In the event, the empire didn't last much longer and by the time the UK was ready to find a new supra-national grouping to join. The European Economic Community — as the EU was called back then — had been set up, driven by France and Germany. French president Charles De Gaulle vetoed Britain's initial attempt to join and it wasn't until 1975 that UK voters approved joining by a margin of two to one.

Fast forward to today and everything is reversing. In 1975, the Conservative Party was the most pro-European. The trade union-dominated Labour Party thought the EU was a capitalist's club.

Today, only a quarter of Conservative voters want to stay in the EU because they regard it as the last bastion of socialism. Not that Labour voters are much more enthused. Only 40 percent say they’d vote to stay in the union.

The Conservative's coalition partners, the Liberal Democrats, are the most pro-European. Their public opinion ratings are consistently below those of the UK Independence Party, an anti-EU group that has a similar approach to politics as the American Tea Party. It’s a wrecker of the established order.

The reversal of fortunes was encouraged by a decades-long campaign against the EU by Britain's right-wing media. That segment of the press is kind of like Fox News for people who can read, and it’s been relentless in railing against the European Commission, the EU's administrative arm.

"Big business and the City need to accept that the UK and EU are heading for a divorce — and learn to make the most of it," wrote Allister Heath, editor of a financial newspaper called City AM, in the Daily Telegraph this week.

The commission has made itself an easy target by paying lavish salaries to its senior figures and bureaucratizing common areas of EU policy to the point of absurdity. It’s remembered in Britain chiefly for its rules on how much bananas and cucumbers are allowed to bend. Really. That’s a story from 10 years ago, but that’s what people think of when they think of the commission.

As with Fox News and American politics, the truth about the EU is somewhere beyond the propaganda machine. Poland's Foreign Minister Radoslaw Sikorski tried to bring the argument back to reality in an article in The Guardian this week.

"Britain has influenced the shape of the EU probably more than any other country," he wrote. "The single market was a British idea. English is the most-used language in EU institutions."

"Most importantly,” he added, “the British have brought to the EU a pragmatic approach and policy-making realism."

Flattery will get you everywhere — except in this debate. So Sikorski pointed out some basic economic truths. The UK’s contribution to the EU budget is around $240 per citizen a year.
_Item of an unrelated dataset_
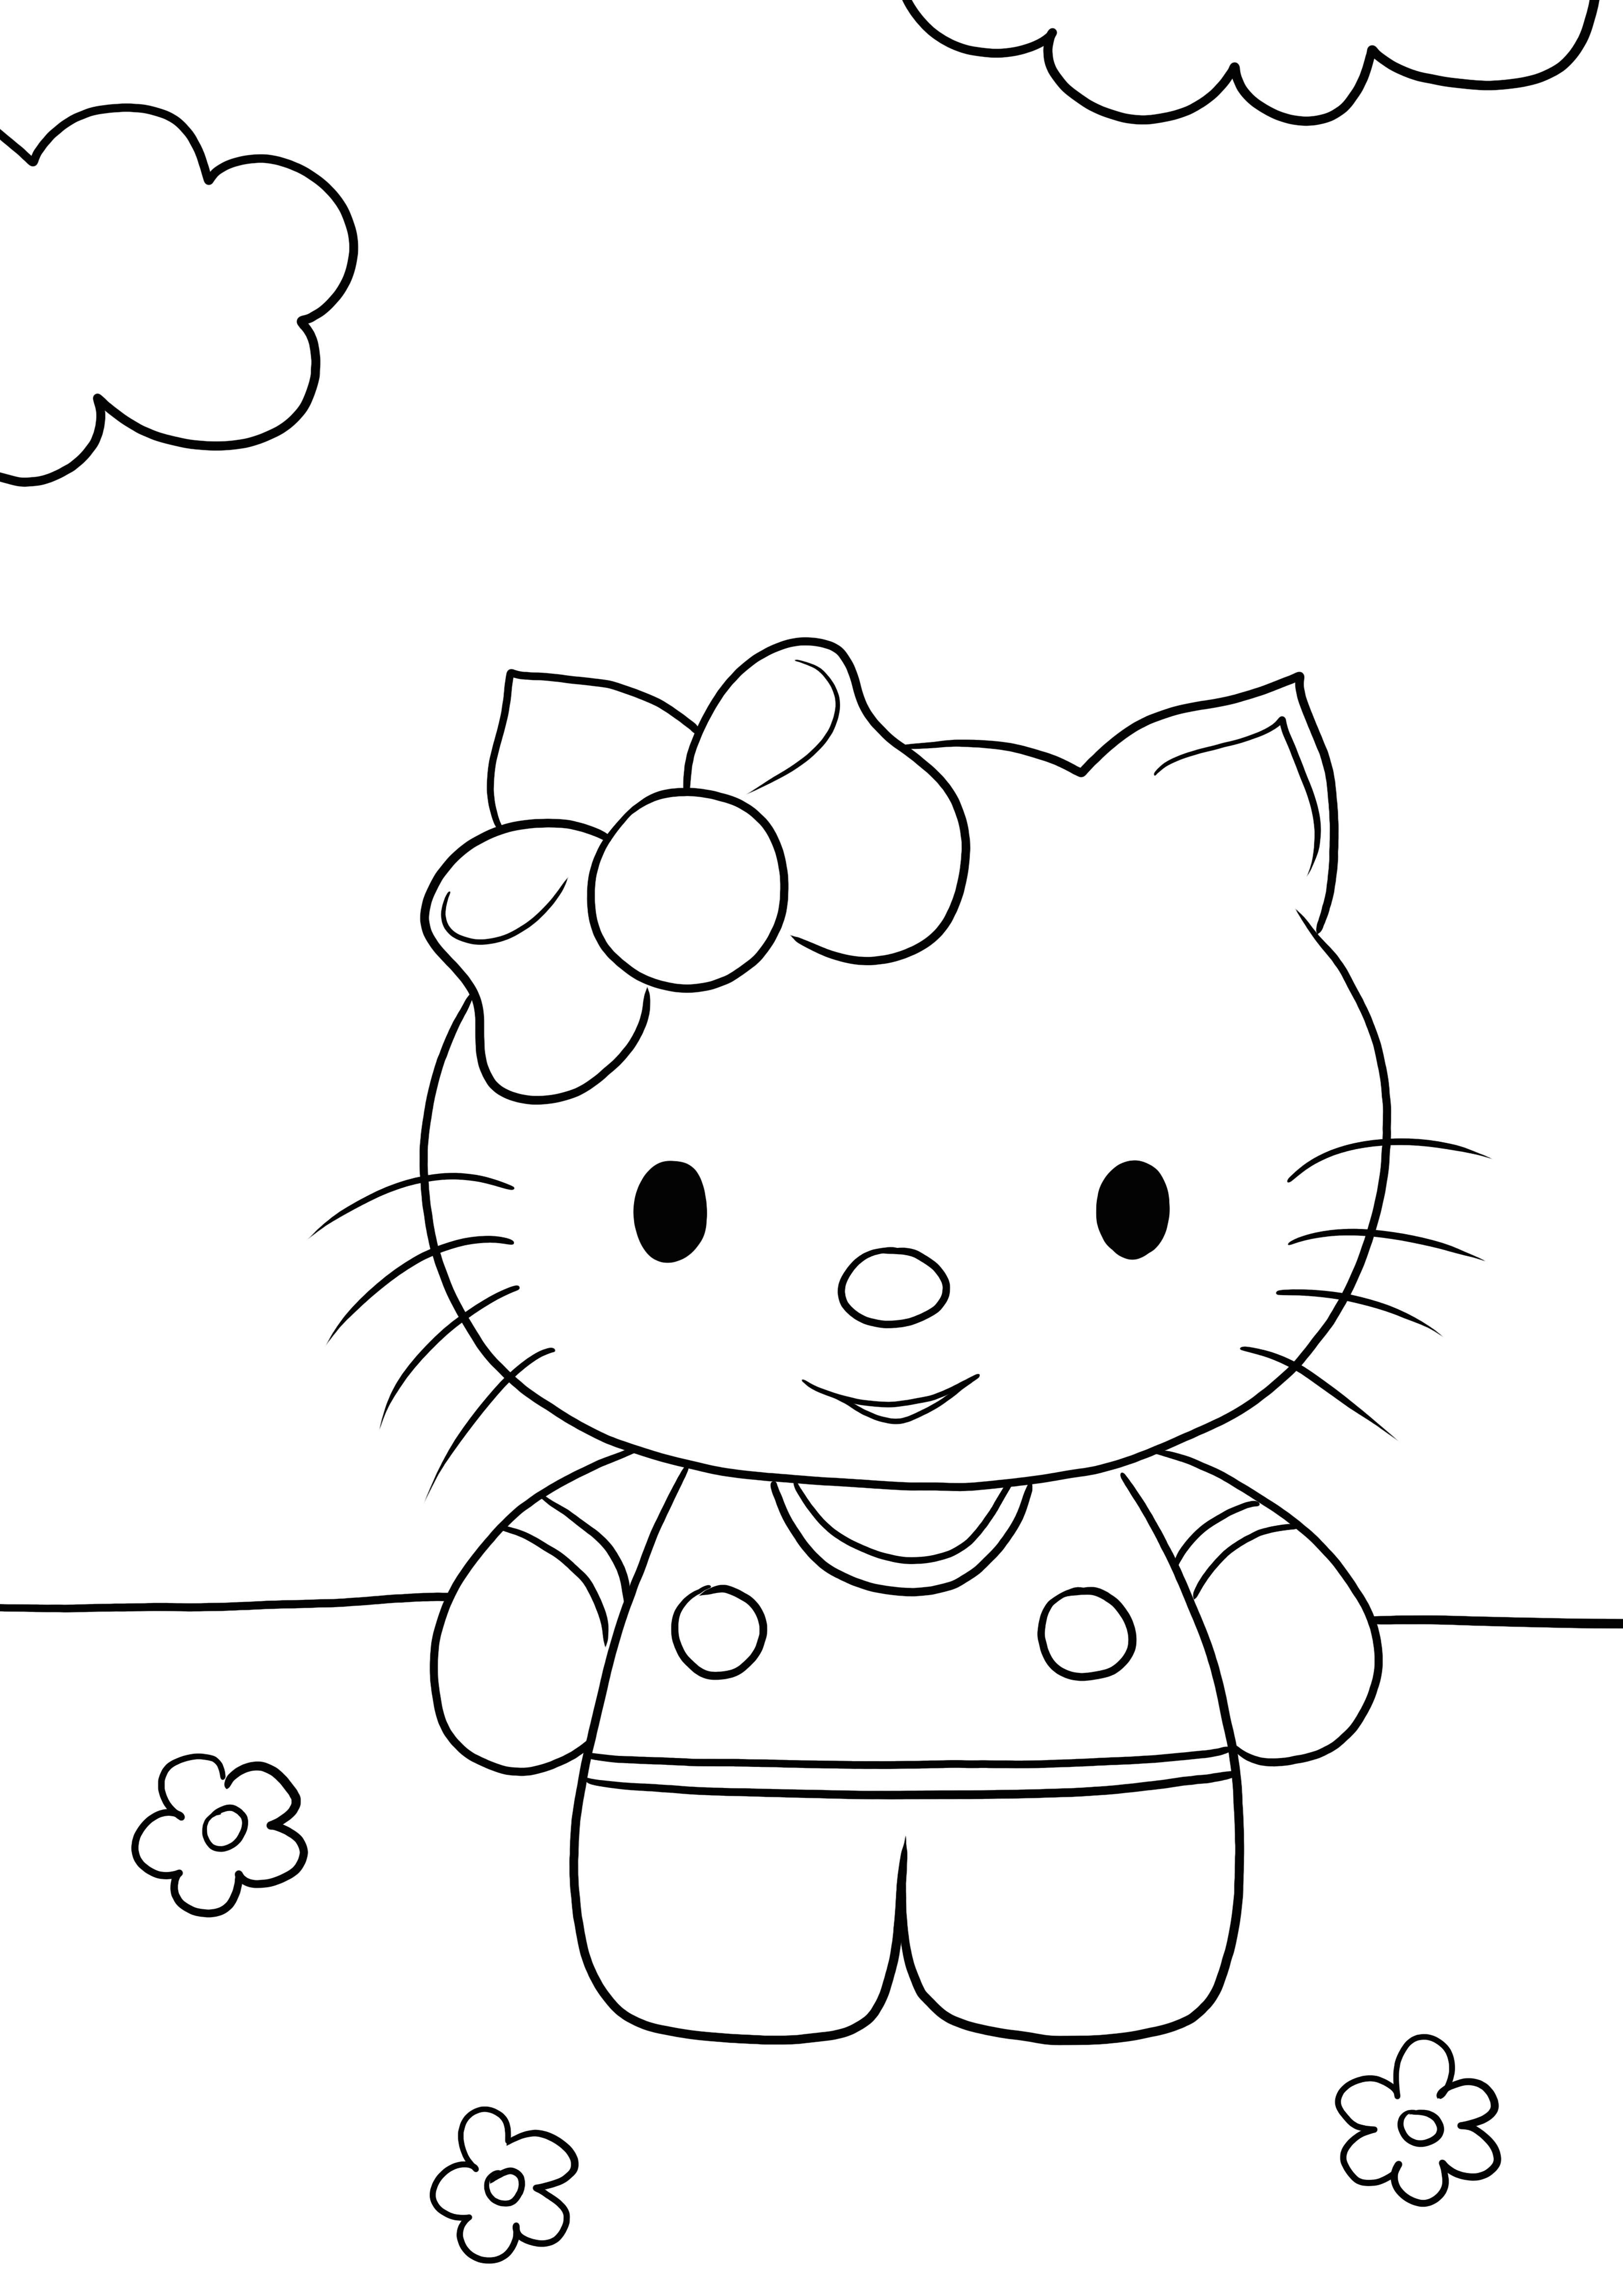 Darmowa kolorowanka z uśmiechniętą Hello Kitty do wydrukowania lub pobrania

However, the government estimates that each British household receives between $2,400 and $5,500 in economic benefits from EU membership each year.

Sikorski's words carry a bit more weight than others. He was a refugee from communism who represents a conservative government. More than that, Sikorski attended Oxford University around the same time as Cameron and London Mayor Boris Johnson, and, like them, was a member of the notorious Bullingdon Club, the rich students’ dining and restaurant-trashing society.
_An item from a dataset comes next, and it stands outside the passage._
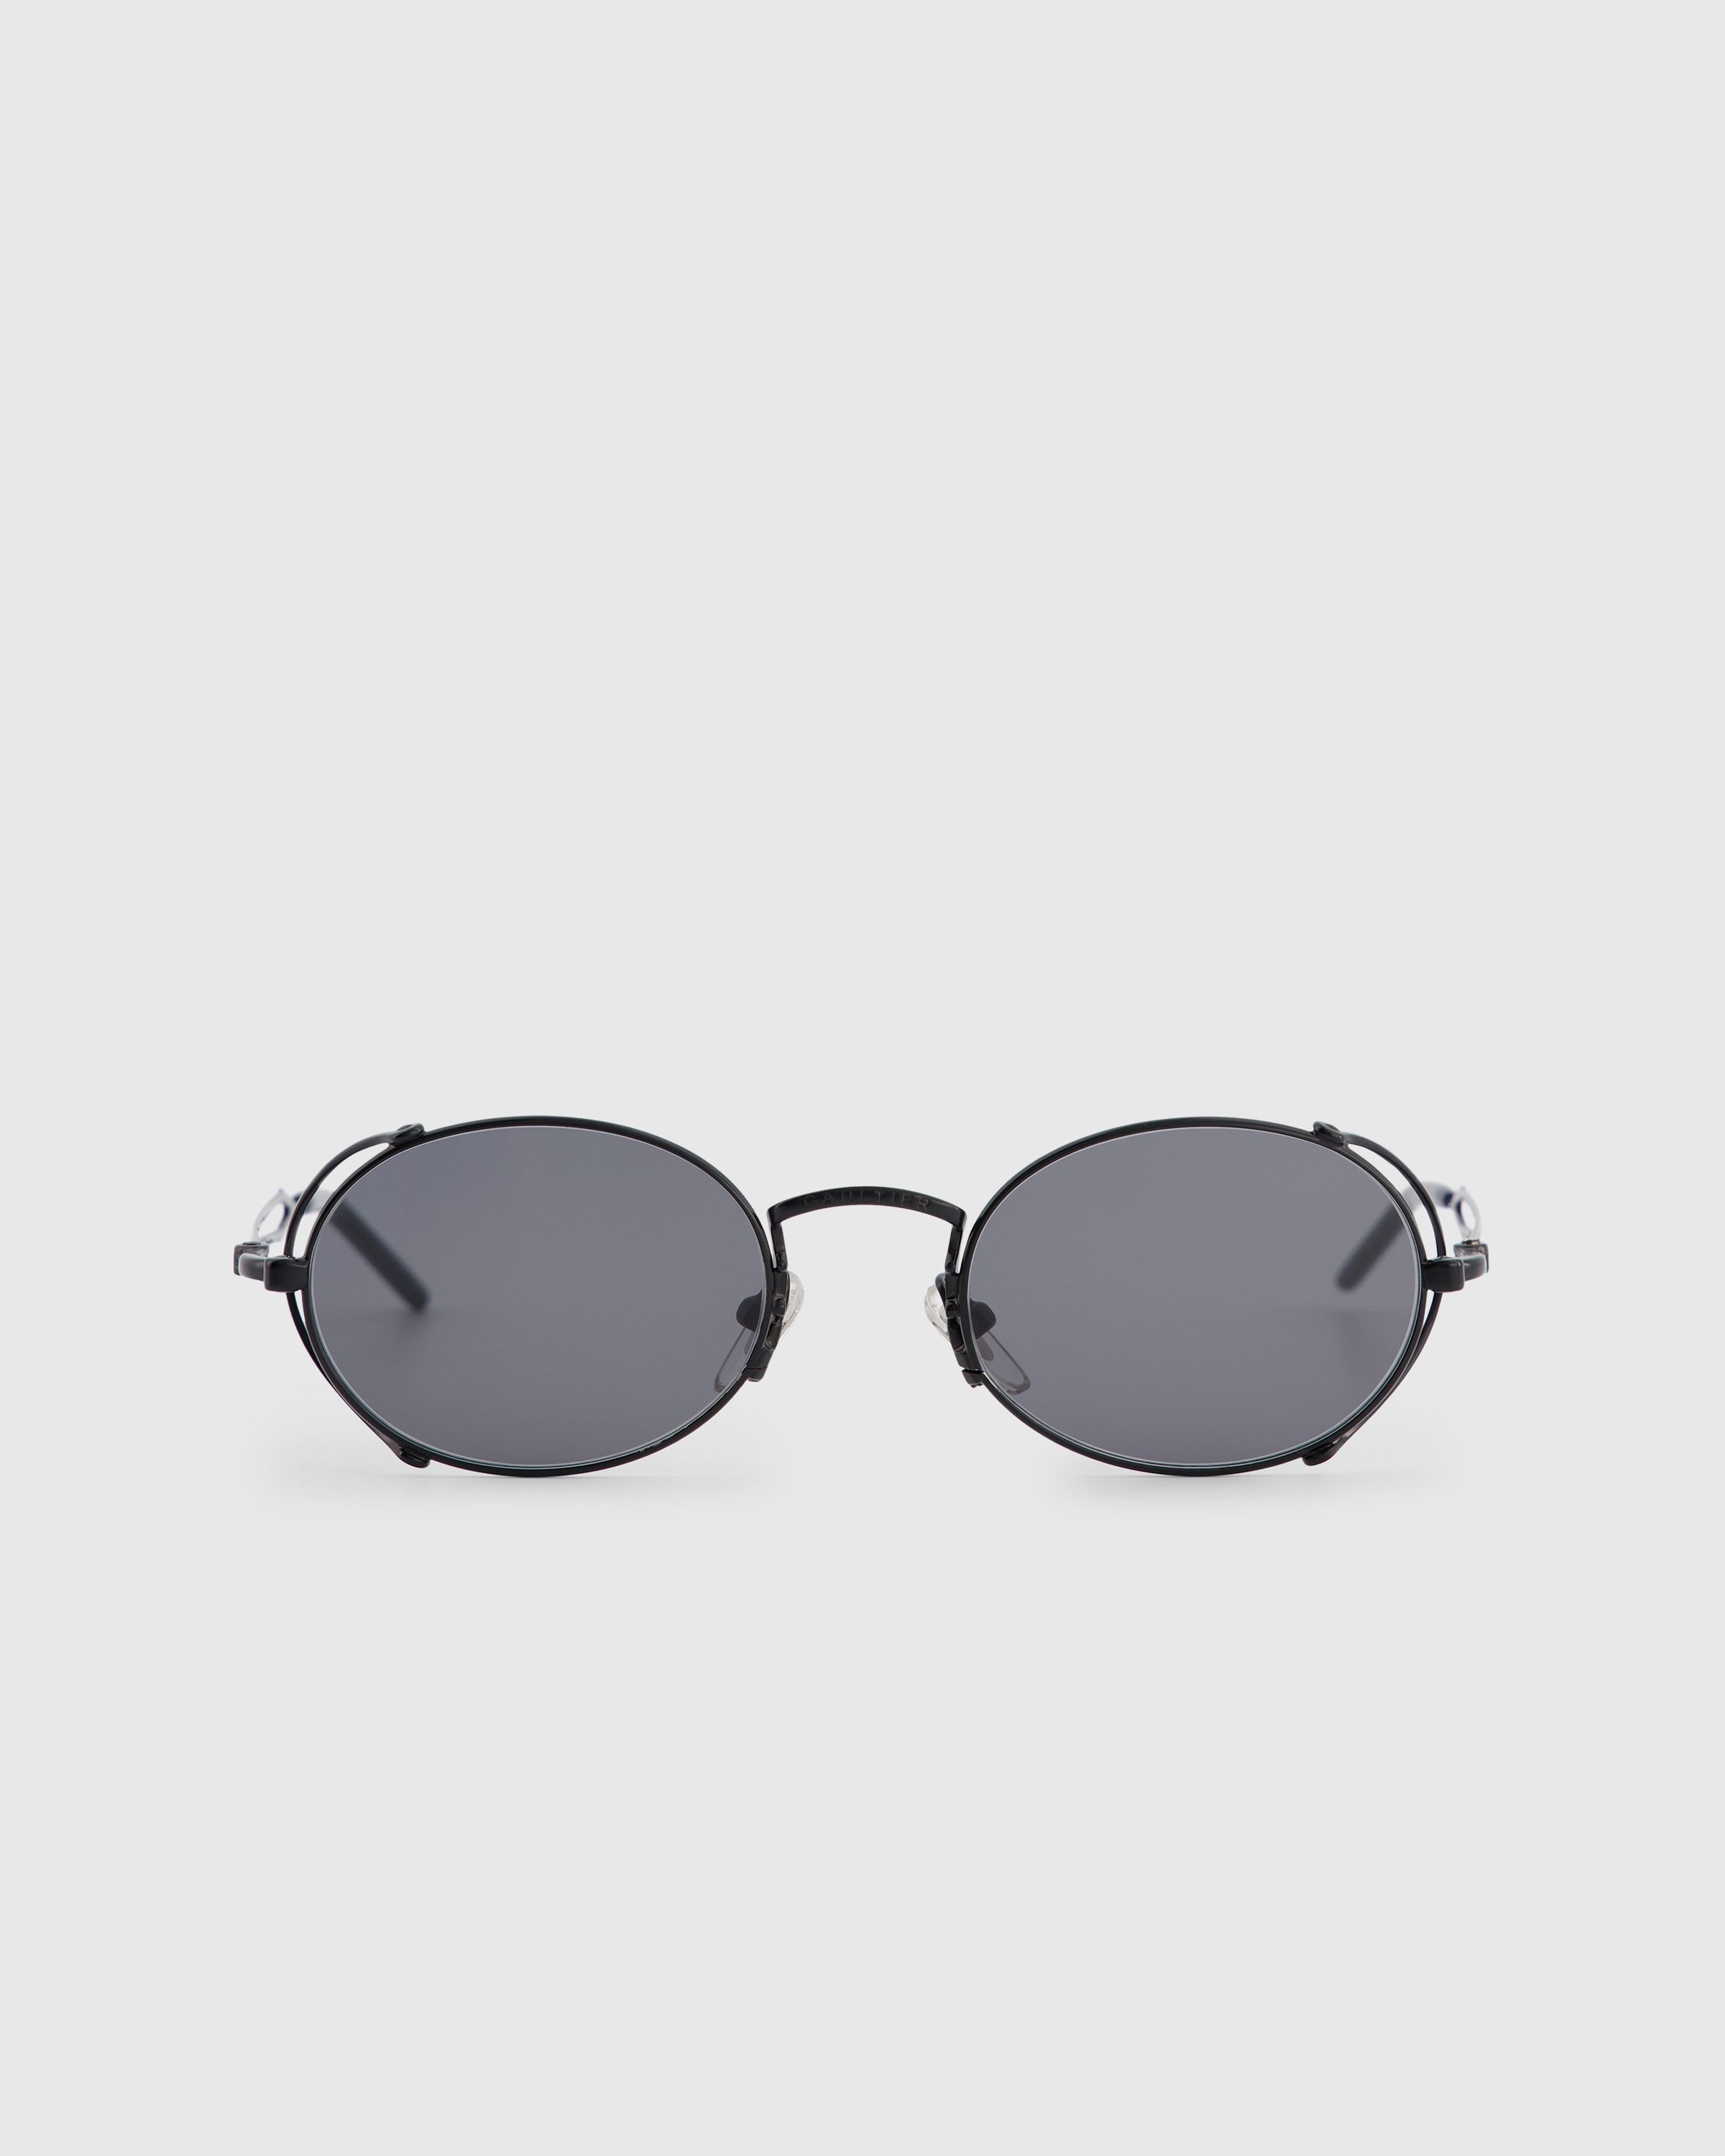 Jean Paul Gaultier x Burna Boy –  Arceau Sunglasses Black

He’s also married to the transatlantic neo-conservative historian and columnist Anne Applebaum.

In other words, he’s no socialist.

But the mood here in Britain won't be changed by one well-reasoned article by someone of impeccable conservative credentials. It’s almost impossible to undo the weight of propaganda. With the euro zone in perpetual crisis, blamed for Britain's poor economic performance, attitudes against it will probably harden.
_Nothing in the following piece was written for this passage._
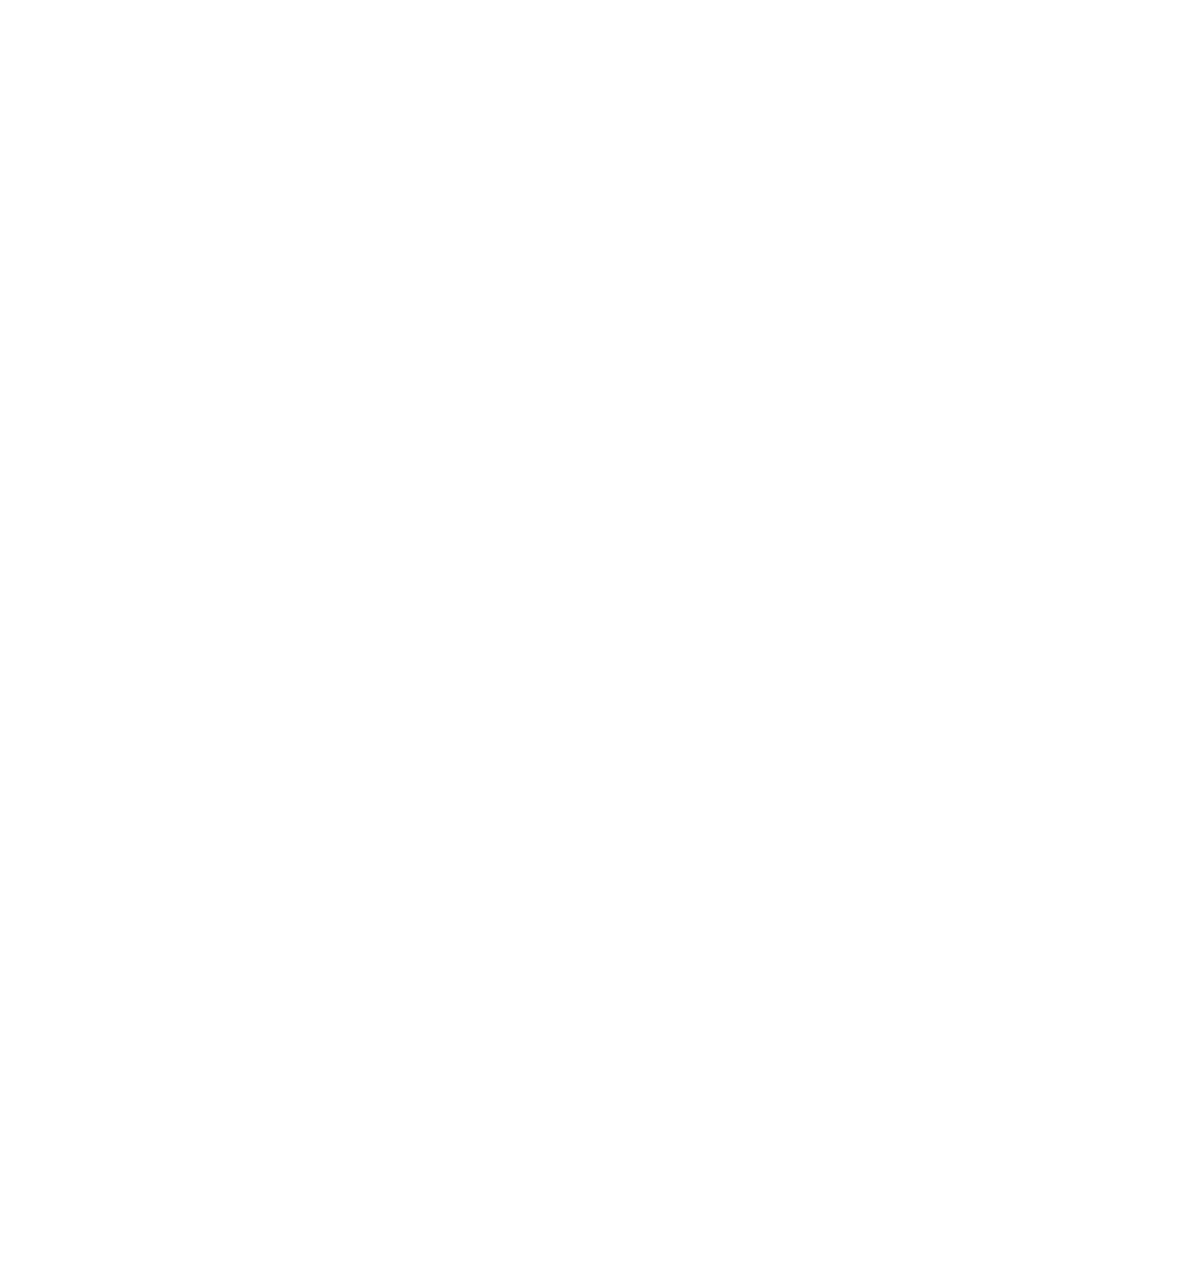 Иллюстрация Рисовать легко Большой творческий челлендж Звездная ночь Ван Гога Рисуем без страха скетчи Школа акварели

More from GlobalPost: Inquiry finds 45 English children a day at risk of rape

Cameron is being outflanked on the right as the demands for a referendum grow louder. To preserve his position, he may have to sign a pledge granting Britons an in-or-out vote on EU membership.

That’s simply not a vote he could win — if he wanted to.

It's a remarkable irony that analysts have been discussing a “Grexit” for more than a year: Greece leaving the euro zone and, quite possibly, the EU. But Greece struggles on in the euro. Now Britain, which never joined the currency zone, is recognized as the country most likely to leave.

Brixit. It’s a word you’ll hear more and more between now and the next British election scheduled for 2015.